I think I had three? lol I can't remember for sure... but right now I have four now one in the hallway and the rest in a back room. Would putting another in another room help? also what exactly is a calming collar and where would I get one? And would it help beans from peeing around the house? and what is feliway?


----------



## Marcia (Dec 26, 2010)

You won't know unles you try. Since she is a stray, be sure and keep her isolated until you get a clean bill of health from the vet - at least 2 weeks!


----------



## grrawritsjordi (Dec 29, 2012)

beansandcharlie said:


> I think I had three? lol I can't remember for sure... but right now I have four now one in the hallway and the rest in a back room. Would putting another in another room help? also what exactly is a calming collar and where would I get one? And would it help beans from peeing around the house? and what is feliway?
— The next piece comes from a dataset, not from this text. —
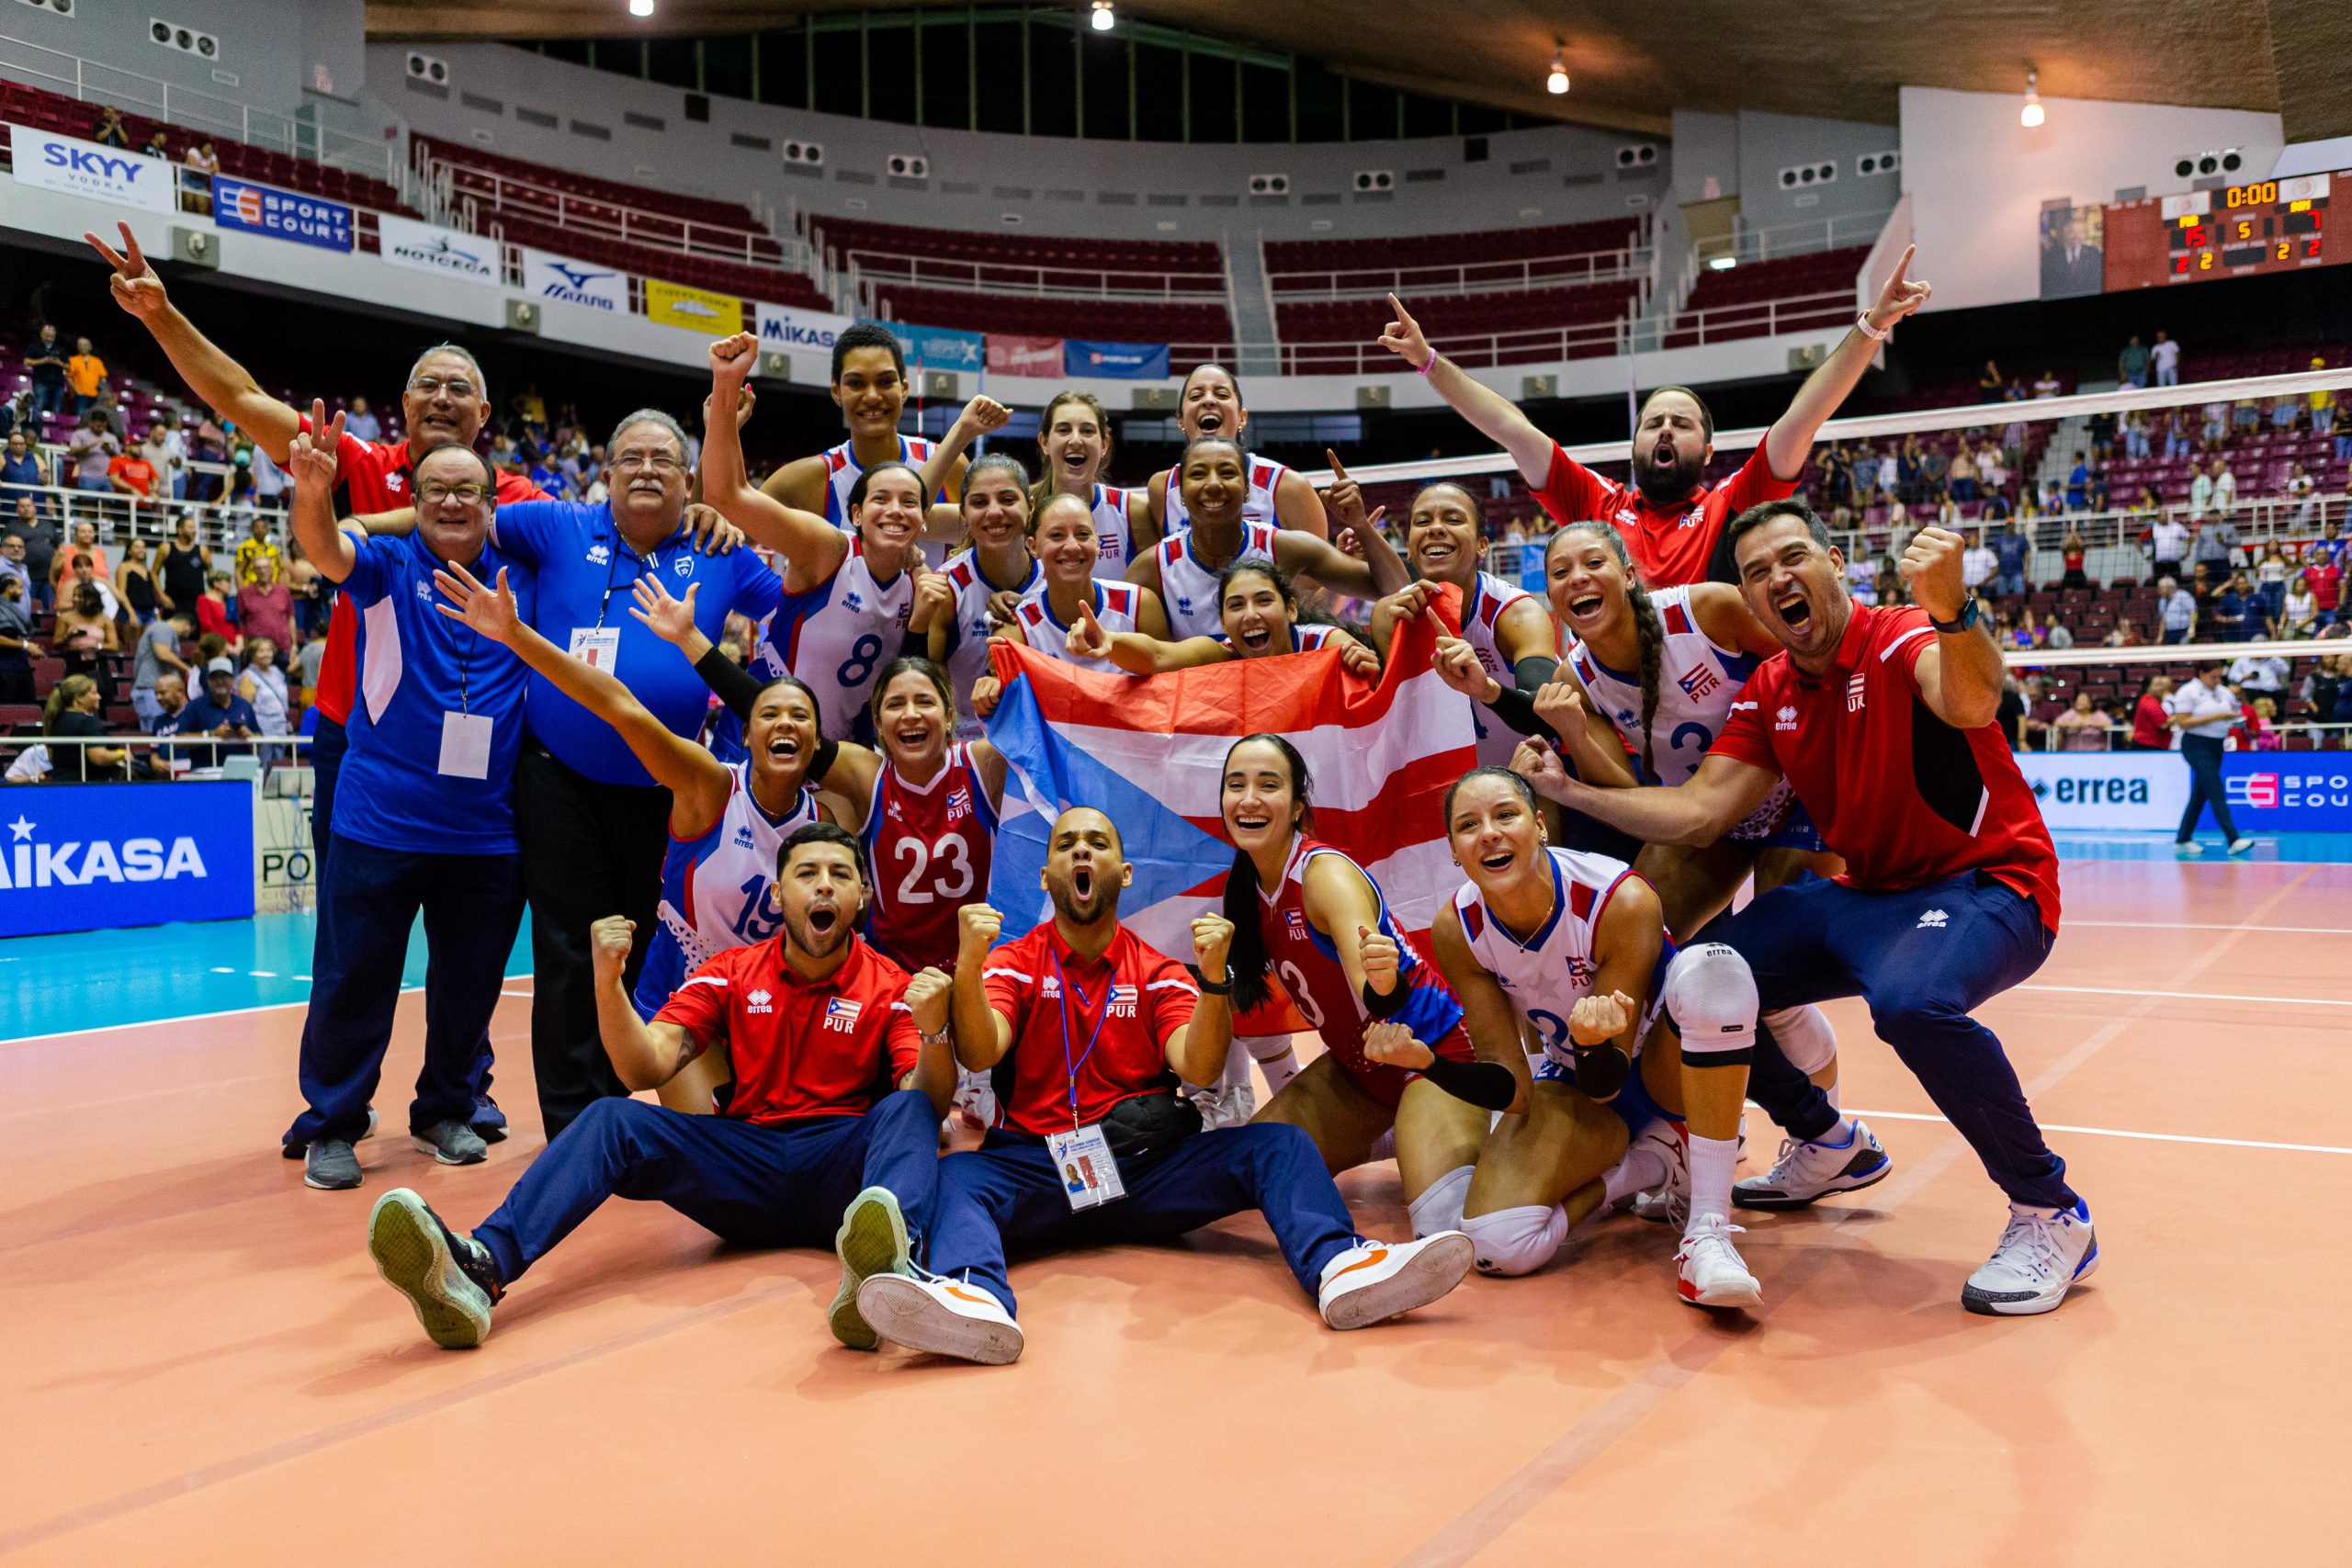 Puerto Rico for the gold!

Having them in different parts of the house would be a good idea. Sometimes my cat doesn't realize she has to go to the bathroom until I am cleaning it out or she hears the other one going.. so maybe if you have them in more than one area she will think "Oh, I have to go and here is a convenient litter box!"

A calming collar basically has phermones on it that calms cats down. You can get them at most pet stores, I saw them at PetCo just last night and thought about getting one. It could definitely help with the peeing, especially if it is caused by stress or anxiety. Feliway is the same thing, just a brandname. I think Feliway makes calming collars, but it also comes in a spray and a defuser that you plug in.


----------



## jadis (Jul 9, 2011)

I buy the calming collars in a three pack at Petsmart...I think $30 for the box of 3 but well worth it. Muffin was bullying Tigerlily a while back and she would pee on the bed, even after a clean bill of health and a clean litterbox three feet away. I closed her off from the bedroom and got the collars for all the cats. She hasn't peed outside the box since, even after I gave her access to the bedroom again. I gave her access to the bedroom after about a month with the calming collar and it's been 4 months total. I don't put them on all the cats anymore, but Tigerlily and the two fosters wear them.


----------



## spirite (Jul 31, 2012)

I have these collars: NatureCALM 24/7 Feline Calming Pheromone Collar (Upto 15" Neck)

The collars work the same way as sprays like Feliway. They have the odor of cat pheromones, so cats feel more relaxed. I have a spray called At Ease that I got at Petsmart, I think, and I use it every time we take a trip to the vet. It works really well.


----------